**Problem to solve:** An exact copy of the entries below is required, with all pictures removed.

─── Material to process

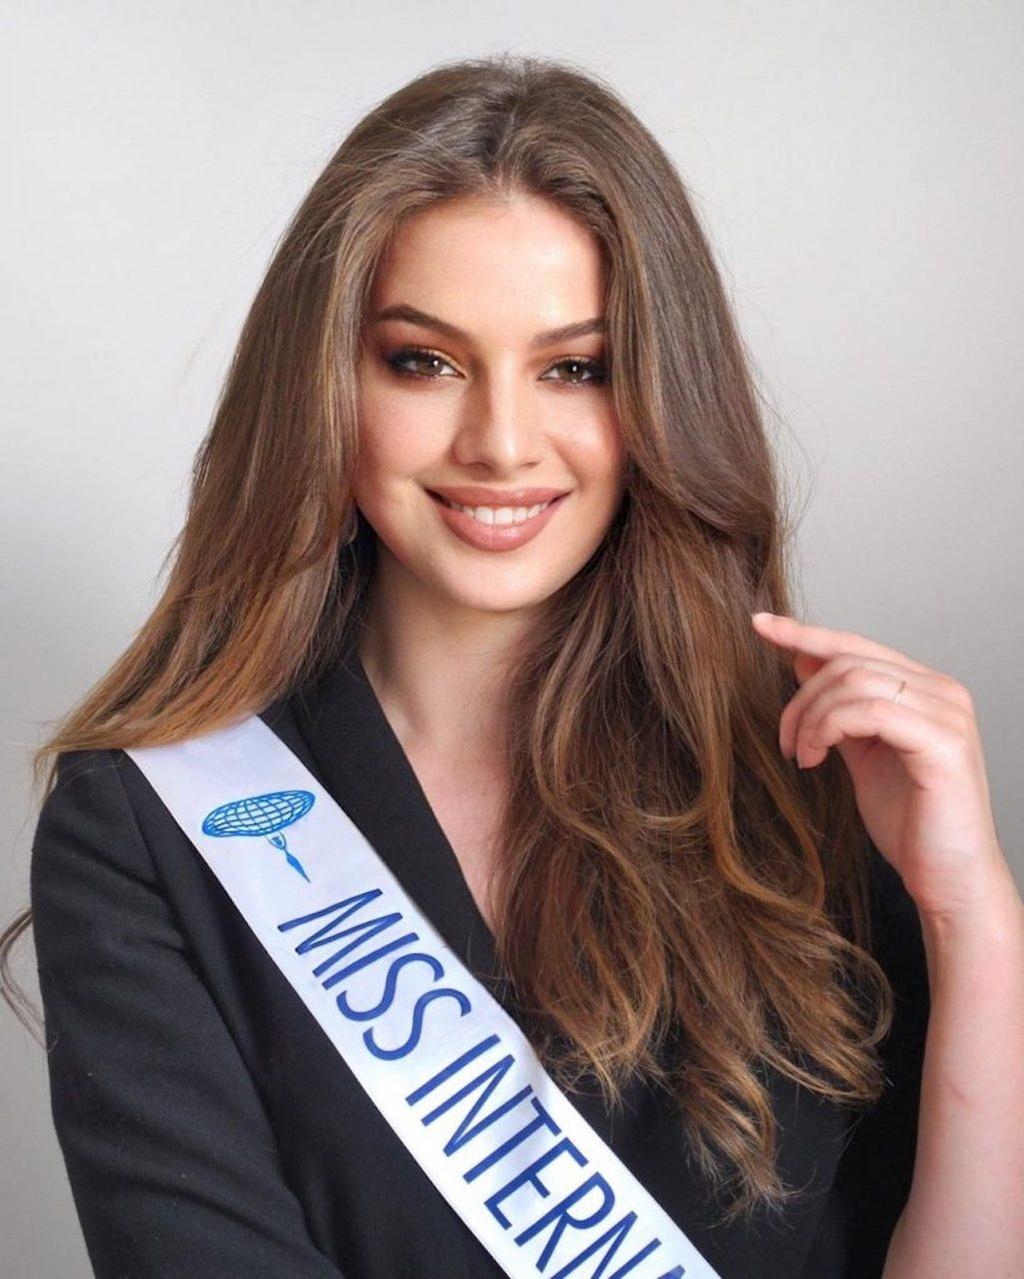 Nhan sắc quyến rũ của tân Hoa hậu Quốc tế Pháp - ảnh 1
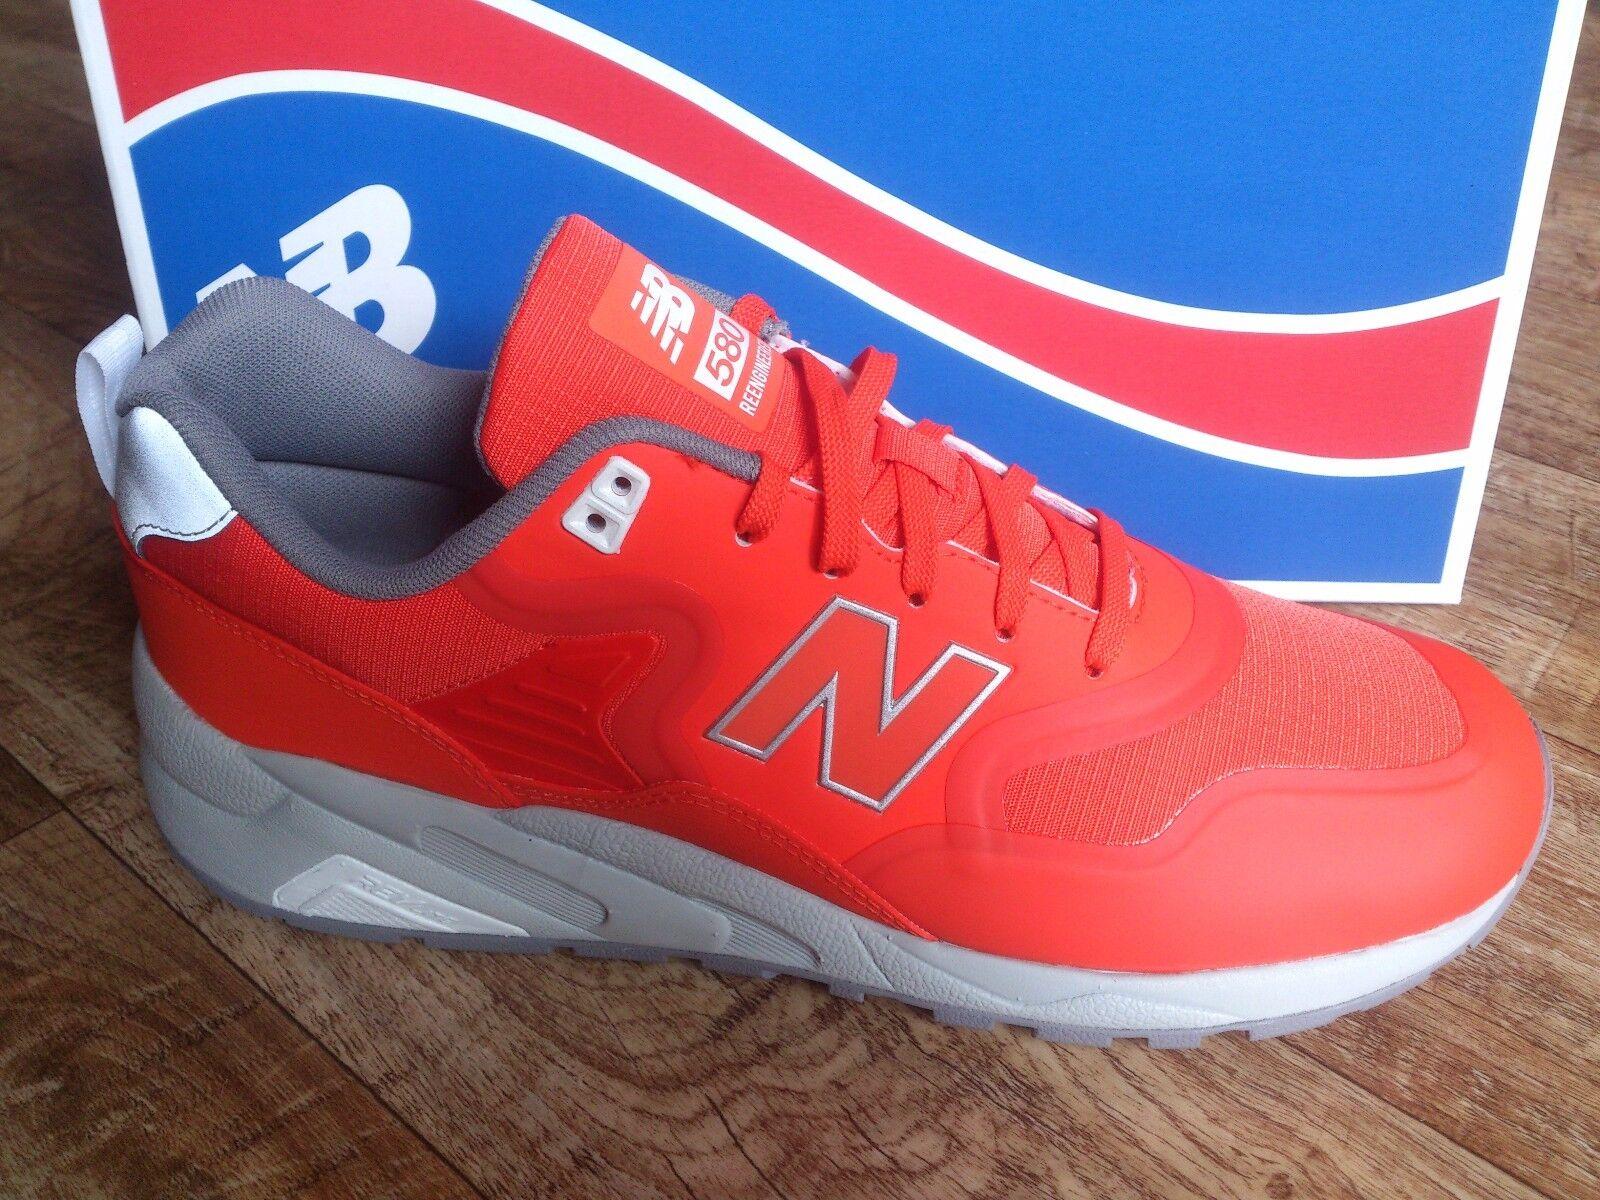 New Balance MRT580 Turnschuhe TR Unisex Sneaker Schuhe Turnschuhe MRT580 Rot NEU 98020a
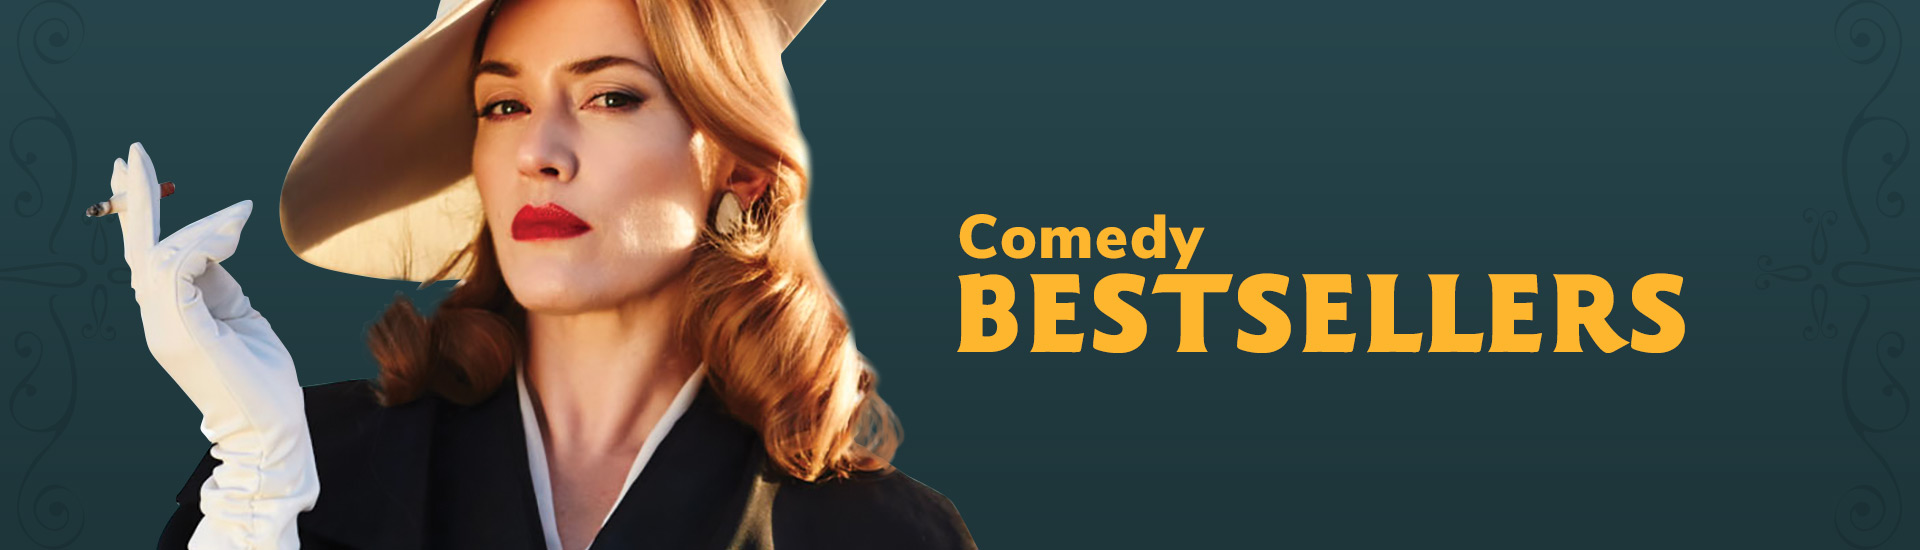 Comedy Bestsellers
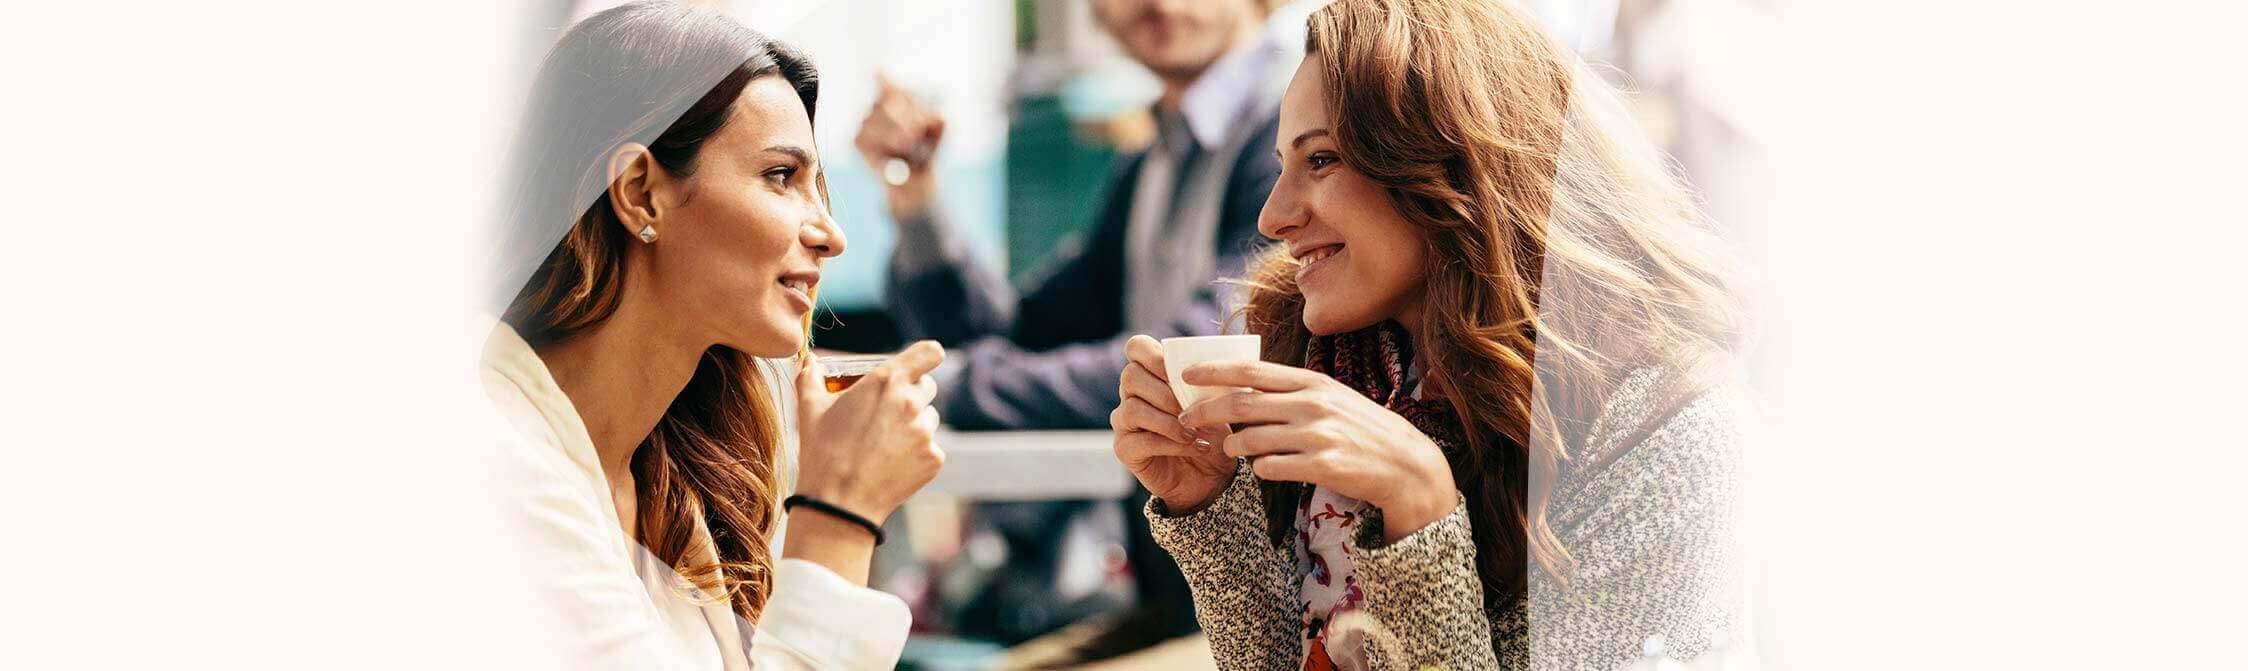 Twee vriendinnen in gesprek op café
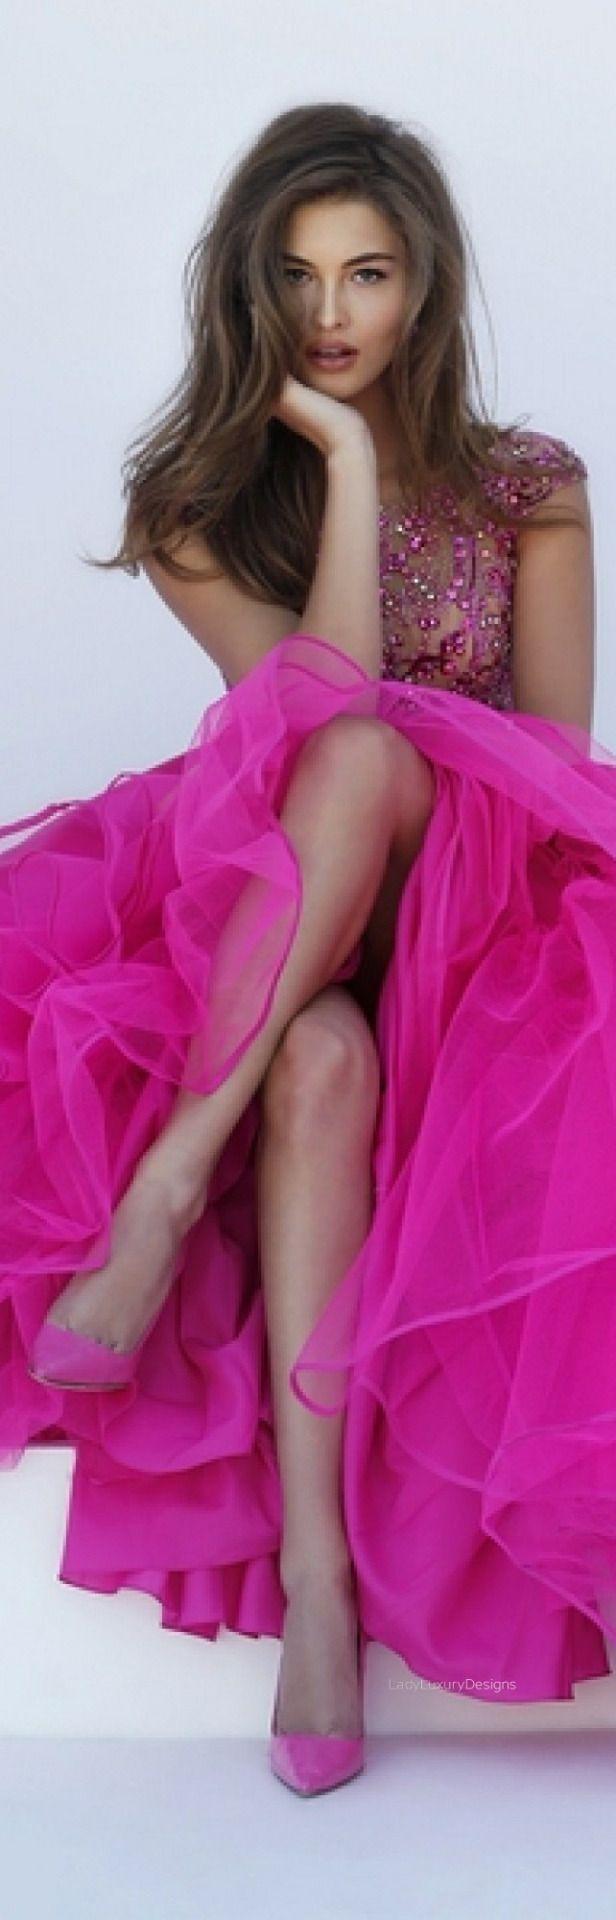 Fucsia #pink                                                                                                                                                                                 Más

──────

**Written reply:**
 Nhan sắc quyến rũ của tân Hoa hậu Quốc tế Pháp - ảnh 1
 New Balance MRT580 Turnschuhe TR Unisex Sneaker Schuhe Turnschuhe MRT580 Rot NEU 98020a
 Comedy Bestsellers
 Twee vriendinnen in gesprek op café
 Fucsia #pink                                                                                                                                                                                 Más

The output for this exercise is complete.